I’m relieved to see they use pretty much the same thing that’s being proposed here up to the differences between Stan and Python.
There’s also some more extensive TensorFlow ragged package doc here:
https://www.tensorflow.org/api_docs/python/tf/ragged
Basic Typing
Because of our static typing and fine-grained linear algebra types, we have to deal with distinctions between arrays of reals, vectors, row vectors, and matrices in type declarations and in constructors. We also have to deal with sized and unsized declarations.
They have a similar restriction to homogeneity of indexing depth (what they call the rank of the tensor).
What they call shapes corresponds to Stan’s size declarations. For instance, the shape of a two-dimensional ragged array is the sequence of sizes of its one-dimensional arrays. TensorFlow is more flexible in letting you do everything by row or column in specifying shapes.

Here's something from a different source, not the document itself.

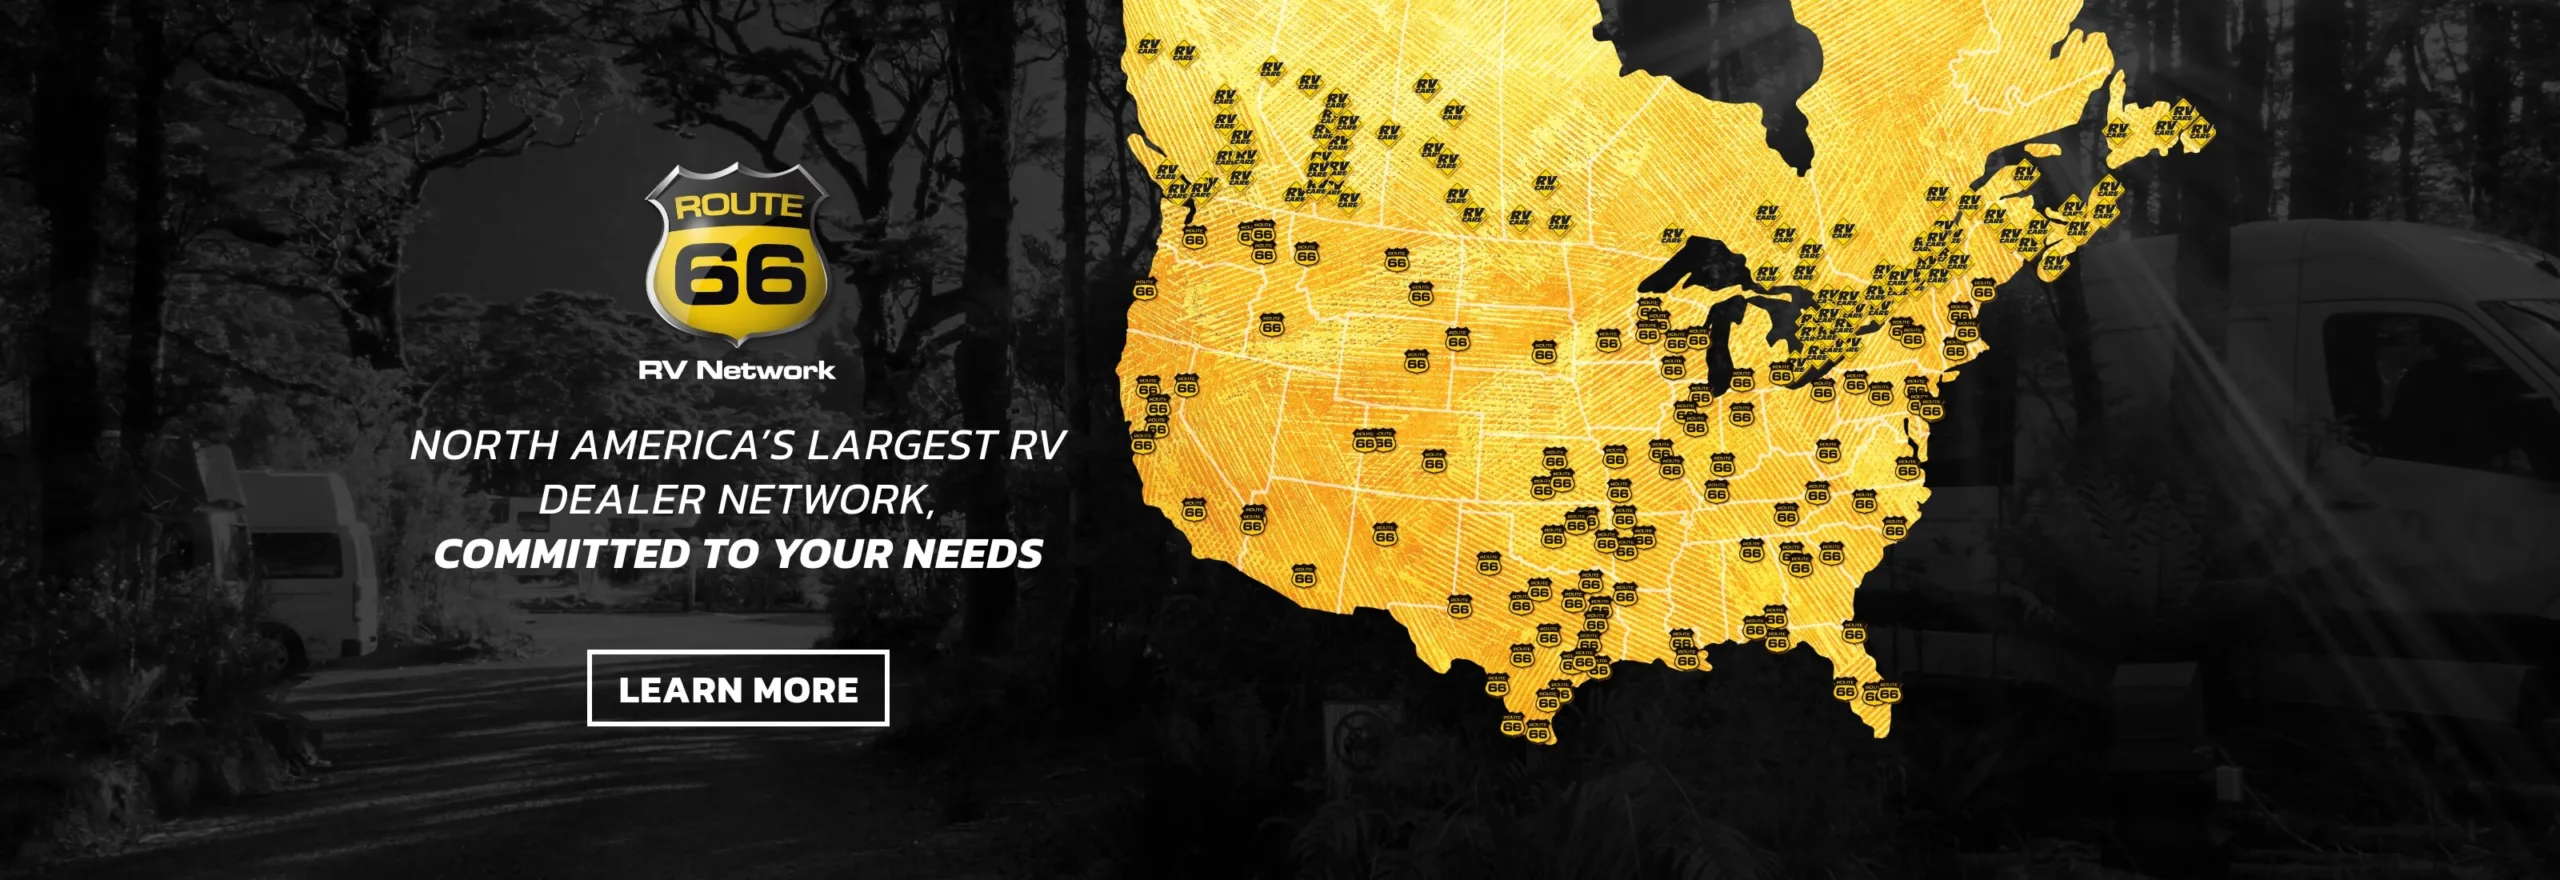 map of united states, logo of Route 66 RV Network, text that reads: North America's Largest RV Dealer Network, Committed to your needs, button that reads: learn more

Like Stan, they distinguish ragged structures from sparse structures. @stevebronder is working on a sparse matrix/vector design.
Constructor Expressions
These look very similar in the proposal for Stan and in TensorFlow.
Maps
> digits = tf.ragged.constant([[3, 1, 4, 1], [], [5, 9, 2], [6], []])
> print(tf.add(digits, 3))
<tf.RaggedTensor [[6, 4, 7, 4], [], [8, 12, 5], [9], []]>
We don’t have arithmetic operations over our arrays, but we’ll be able to map like this once we have unsized local variables and anonymous functions (those specs are coming as soon as I transfer from paper to computer).
vector[] y
= map({real x}.x + 3,
{[3, 1, 4, 1]', []', [5, 9, 2]', [6]', []})
Reduction
> print(tf.reduce_mean(digits, axis=1))
tf.Tensor([2.25 nan 5.33333333 6. nan],
shape=(5,), dtype=float64)
Appending
> print(tf.concat([digits, [[5, 3]]], axis=0))
<tf.RaggedTensor [[3, 1, 4, 1], [], [5, 9, 2], [6], [], [5, 3]]>
Slicing
> print(digits[:, :2]) # First two values in each row.
But I don’t like this R style:
print(digits[:, -2:]) # Last two values in each row.
Distribution functions, etc.
Things that take normal tensors appear to be generalized to take ragged tensors. We’ll hope to do exactly the same with Stan. Much of this will be easy because our use of std::vector
under the hood means the algorithms don’t need to change as the checks for rectangular sizes is done outside of function calls.
Conversion functions
They have some useful conversion functions to and from the kinds of long form we use now.